Using ERA5 reanalysis data with a spatial resolution of 9km x 9km, Barclays created a daily weather tracker based on four thresholds: over 1 inch of precipitation or snowfall, temperatures above 30°C or below 0°C.

These indicators were mapped to U.S. store locations and merged with same-store sales data from IBES. A two-way fixed effects regression model was used to isolate the impact of weather.

In the restaurant sector, each additional day of adverse weather was associated with a 6.61 basis point drop in same-store sales.

The negative effect was more pronounced in casual dining, which depends on discretionary, in-person traffic.

Quick-service restaurants, with broader geographic presence and drive-thru access, showed more resilience.

By contrast, home improvement and auto parts retailers saw gains. For home improvement, each extra day of bad weather corresponded to a 16.34 basis point increase in comparable sales.

Auto parts retailers recorded a 10.85 basis point increase. Barclays attributed these results to consumer behavior such as storm preparation and post-weather repairs.

The study also assessed hurricane-related economic effects using a Single-Family Home Flood Indicator.

This index combines hurricane path and precipitation data from NOAA and ERA5 with U.S. Census housing data to estimate flood exposure.

Retailers typically see a pre-storm sales spike, a drop during the storm, and a recovery driven by home repairs.

For example, Hurricanes Helene and Milton in 2024 contributed a 50-100 basis point boost to quarterly same-store sales for Home Depot (NYSE:HD), Lowe's (NYSE:LOW), and Floor & Decor from Q3 2024 to Q1 2025.

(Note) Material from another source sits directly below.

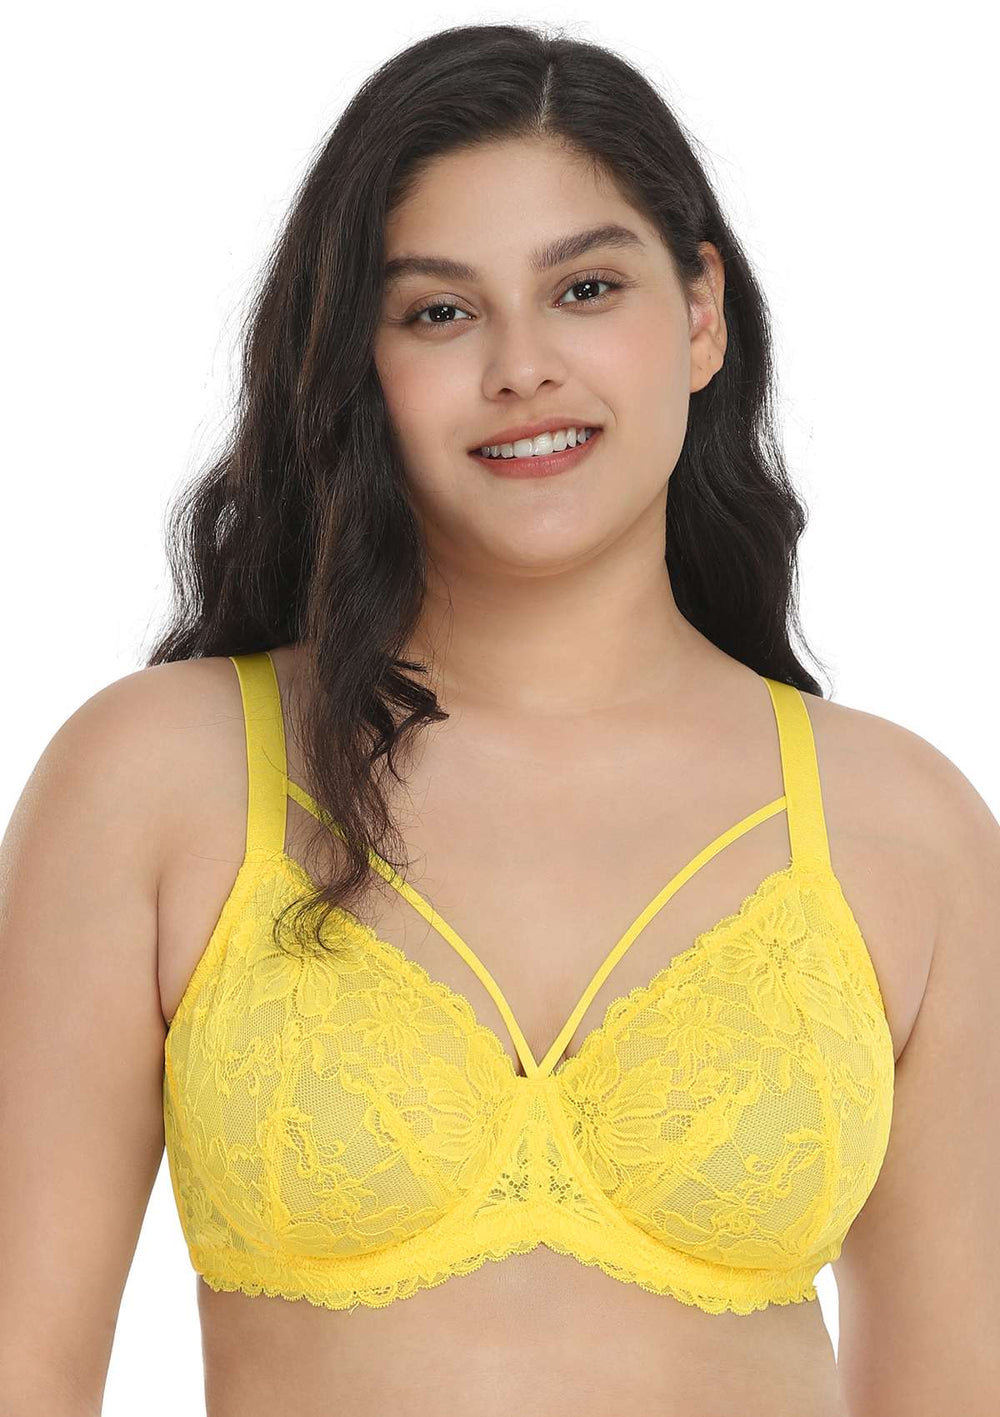 HSIA Pretty In Petals Unlined Lace Bra: Comfortable and Supportive

Weather disruptions also affect heavy industry. Barclays tracked 360 cement plants in the Americas and Europe, using ERA5 data to identify extreme temperature days, defined as deviations beyond two standard deviations from a 60-day average.

A higher number of such days was linked to lower year-over-year sales growth.

The analysis shows that when disruptions were low, companies typically posted positive sales growth; when disruptions rose, growth shifted toward negative territory.